--- Provided data Enclosed Below ---

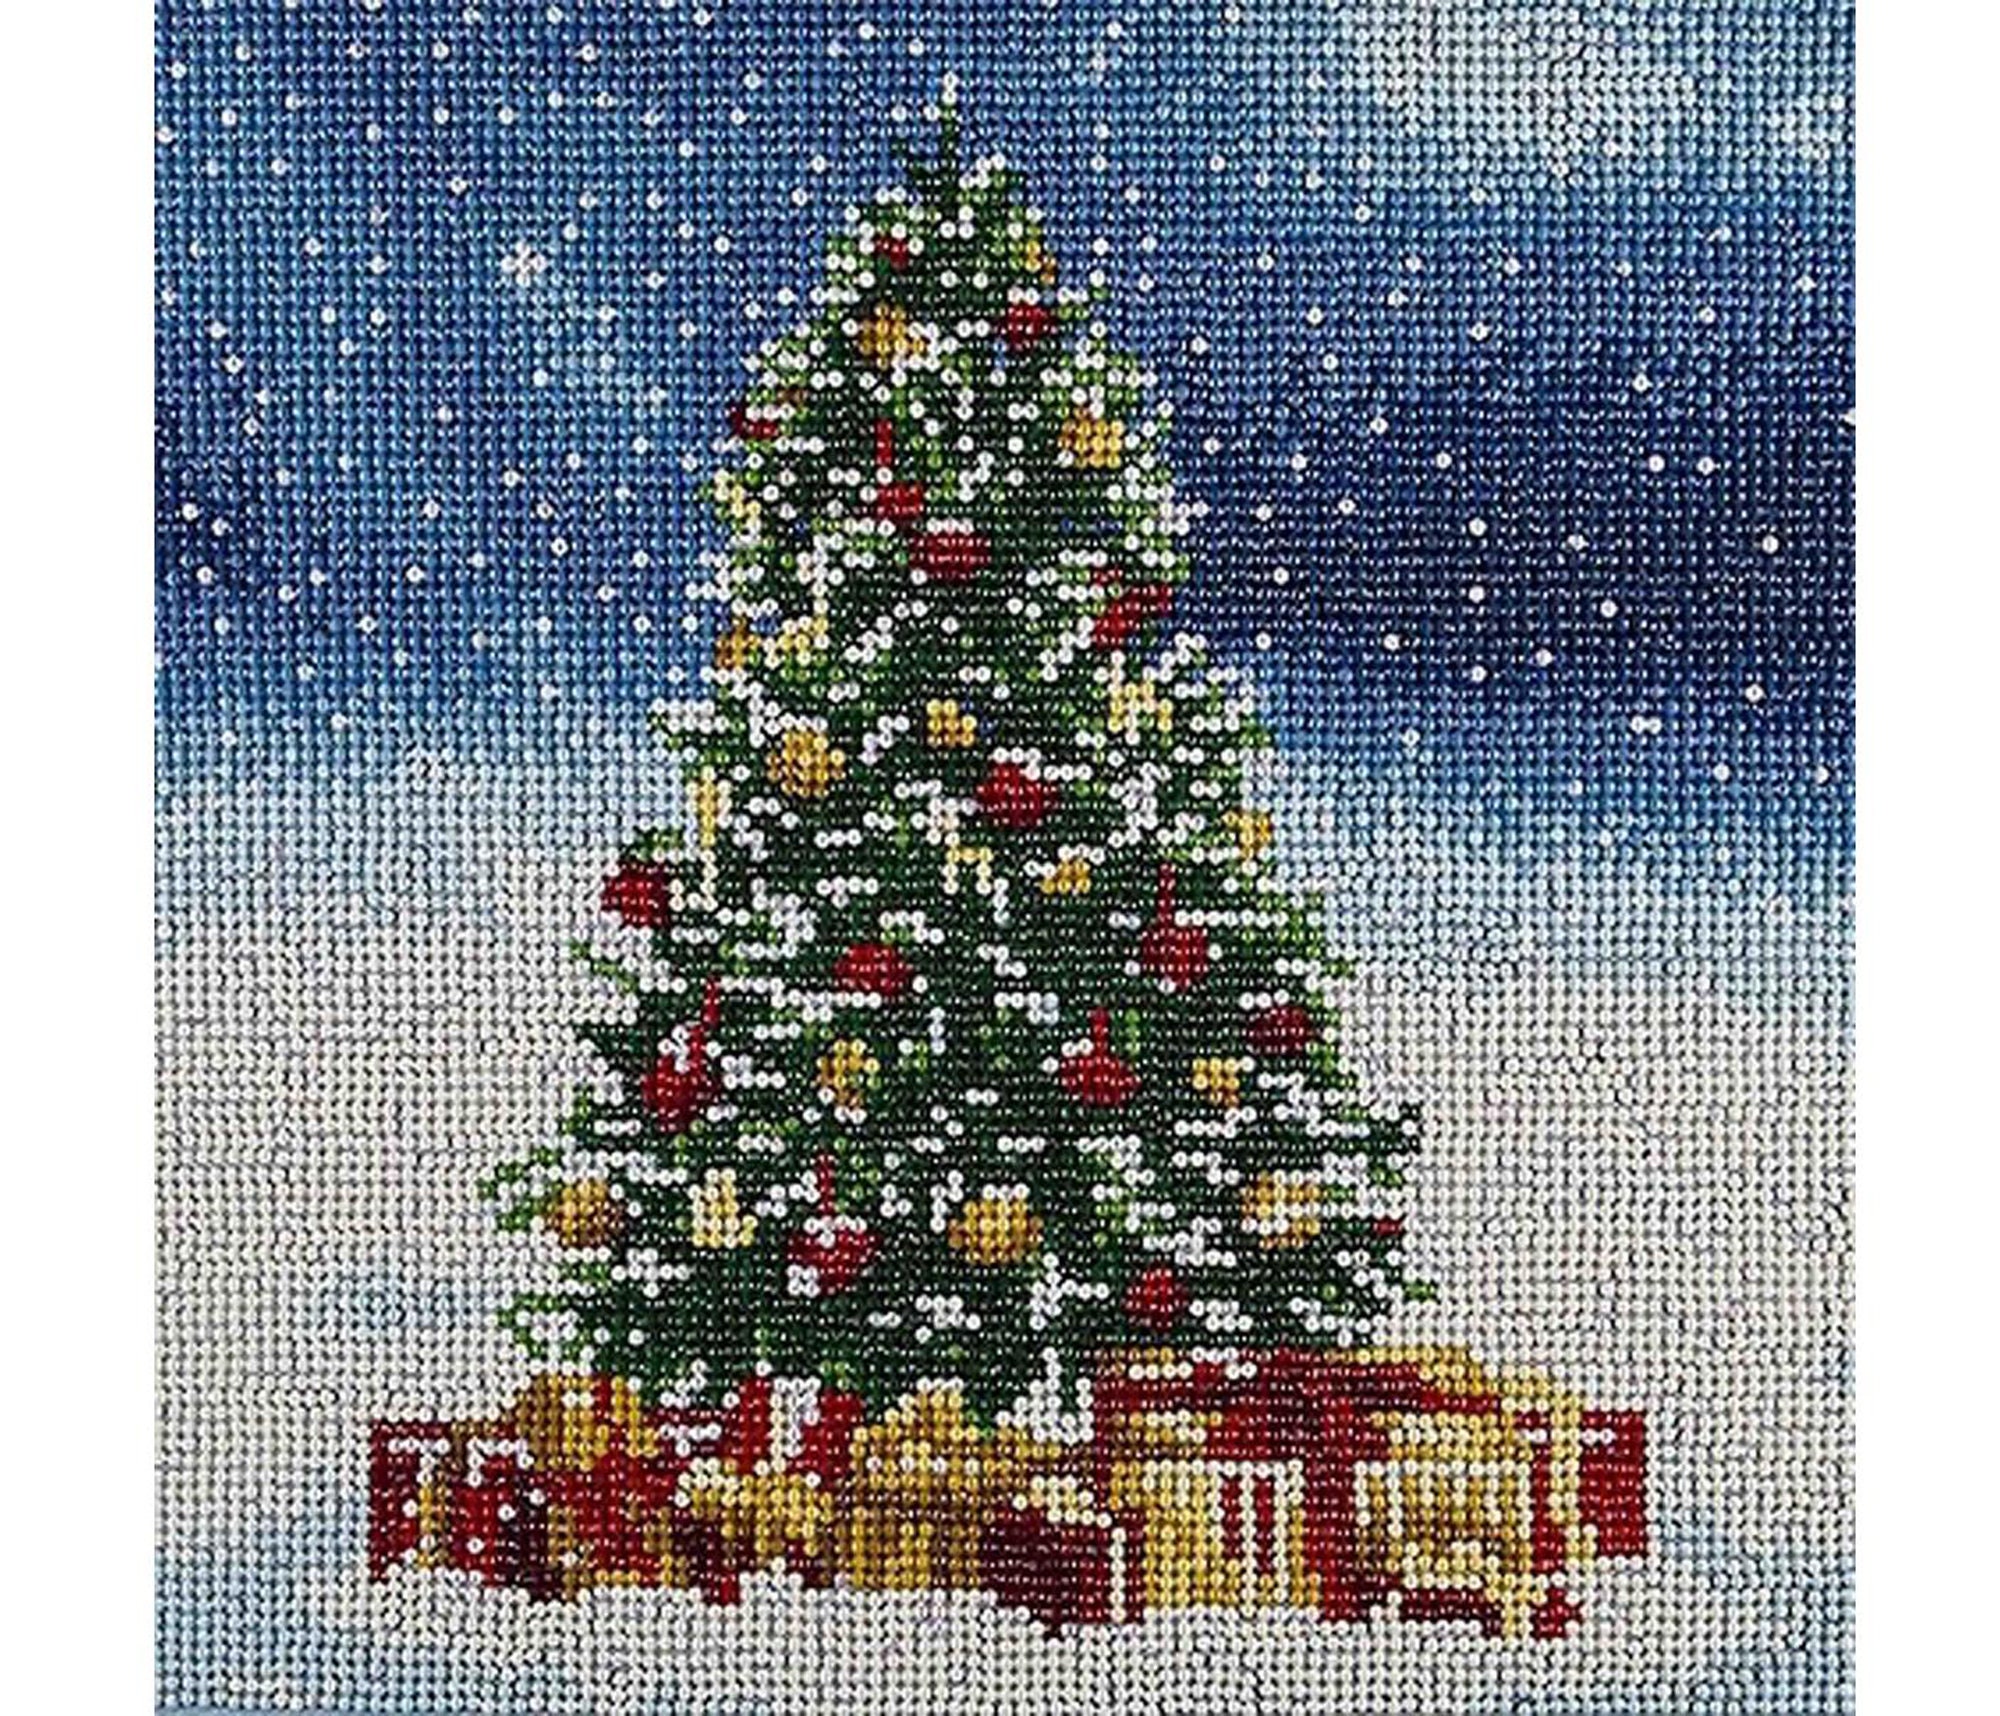 Diamond painting kit - Fantest wood Embroidery Mosaic Cross Stitch Full  Square - Price, description and photos ➽ Inspiration Crafts
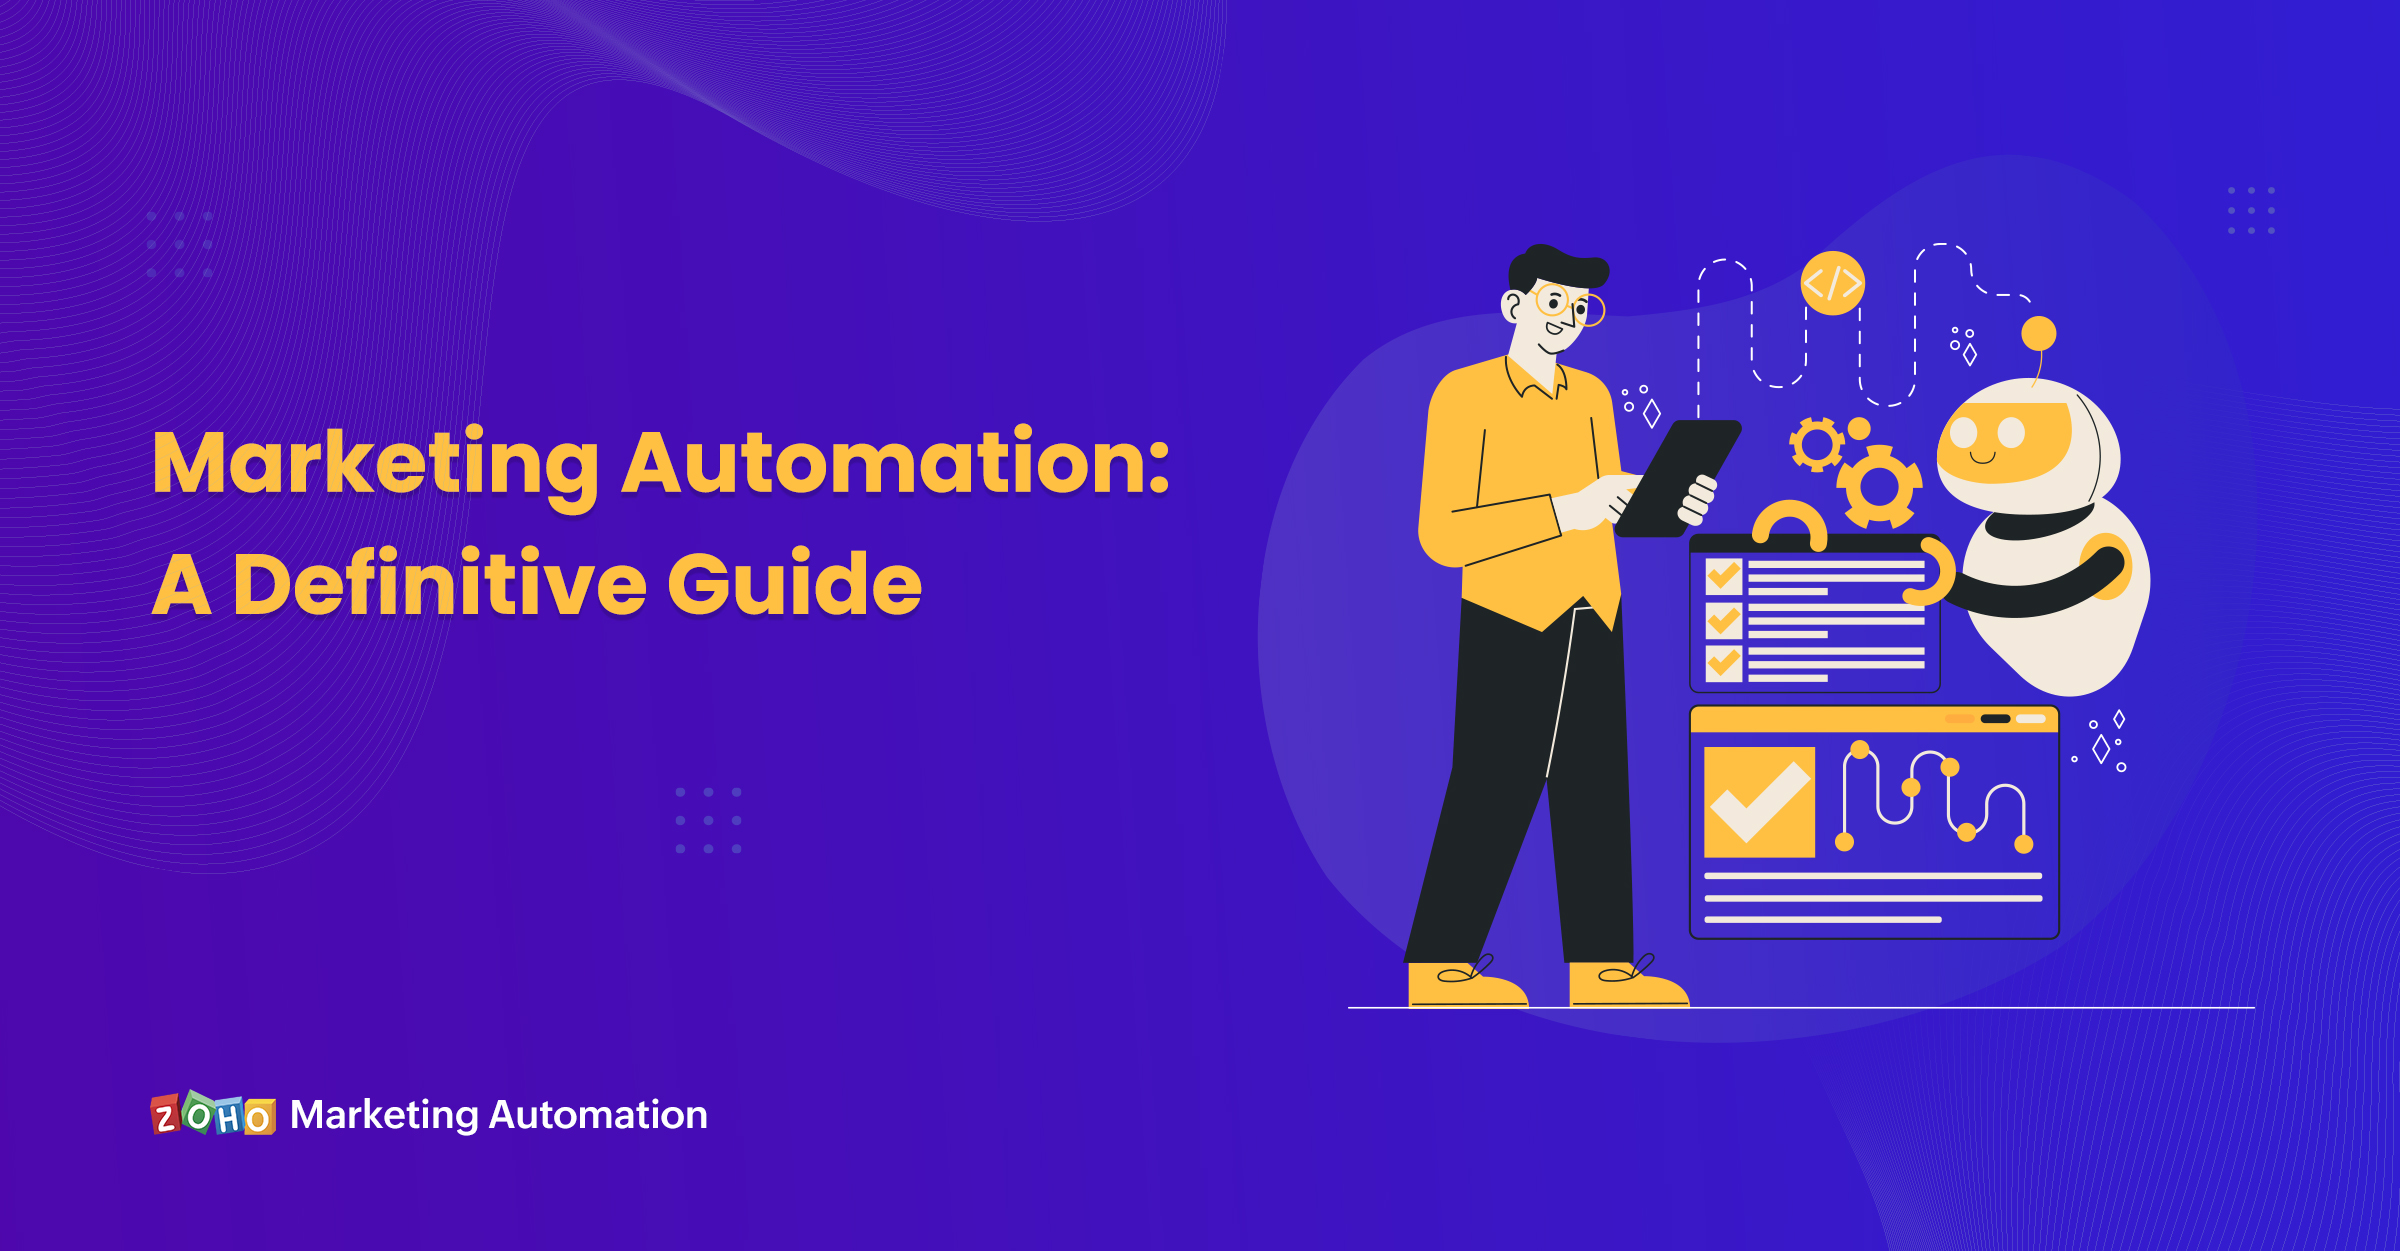 Marketing Automation: A definitive guide
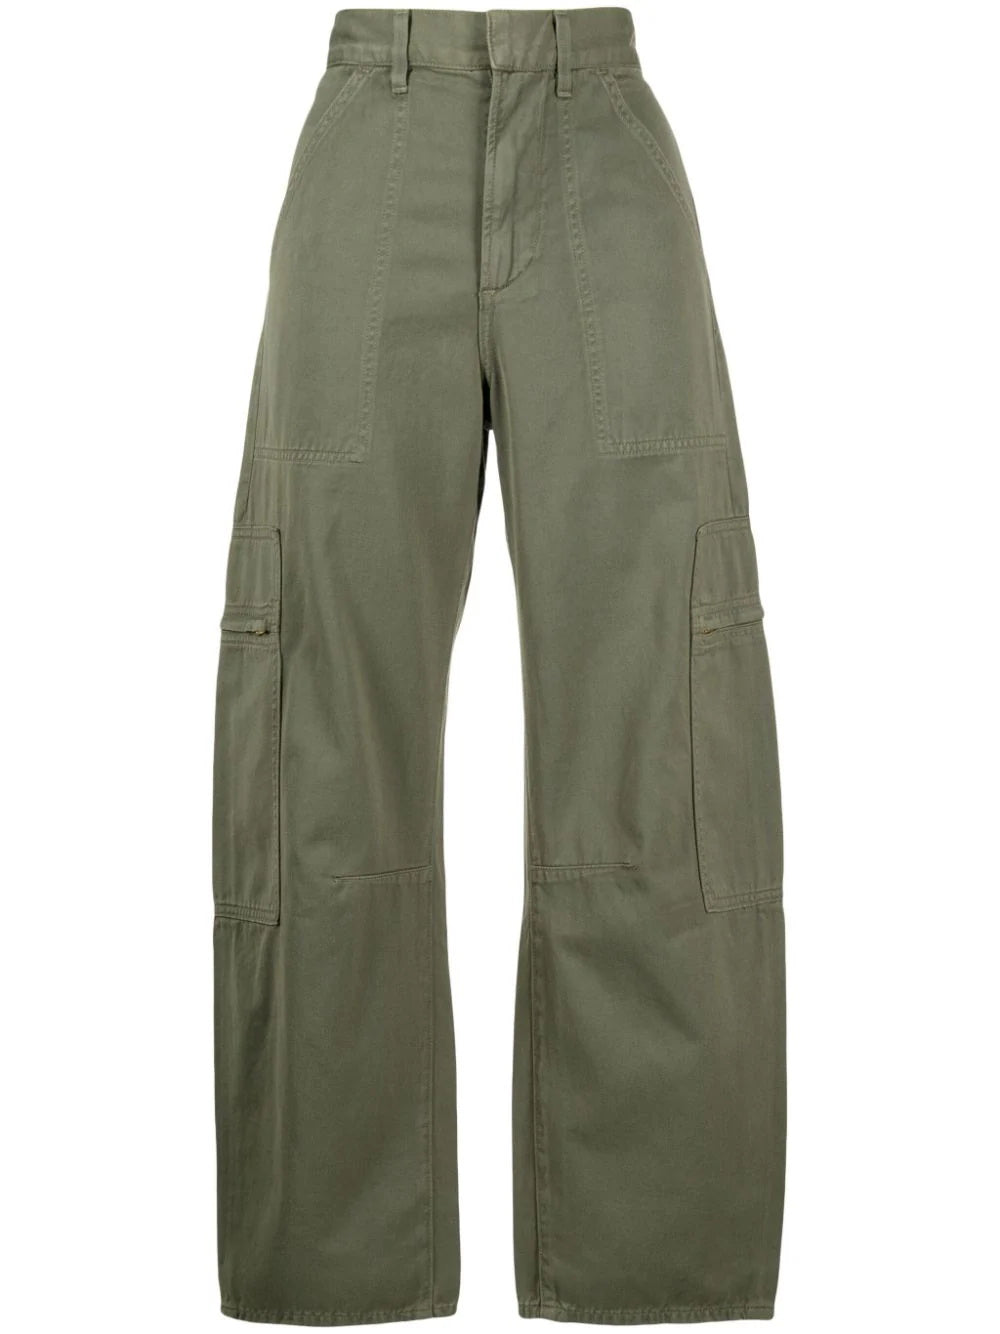 Citizens of Humanity 'Marcelle' Low Slung Cargo Trousers – Bernard Boutique

--- End of Enclosed Provided data ---

Pictures do not belong in the copy. Reproduce the rest of the data exactly.

• _Answer section_
 Diamond painting kit - Fantest wood Embroidery Mosaic Cross Stitch Full  Square - Price, description and photos ➽ Inspiration Crafts
 Marketing Automation: A definitive guide
 Citizens of Humanity 'Marcelle' Low Slung Cargo Trousers – Bernard Boutique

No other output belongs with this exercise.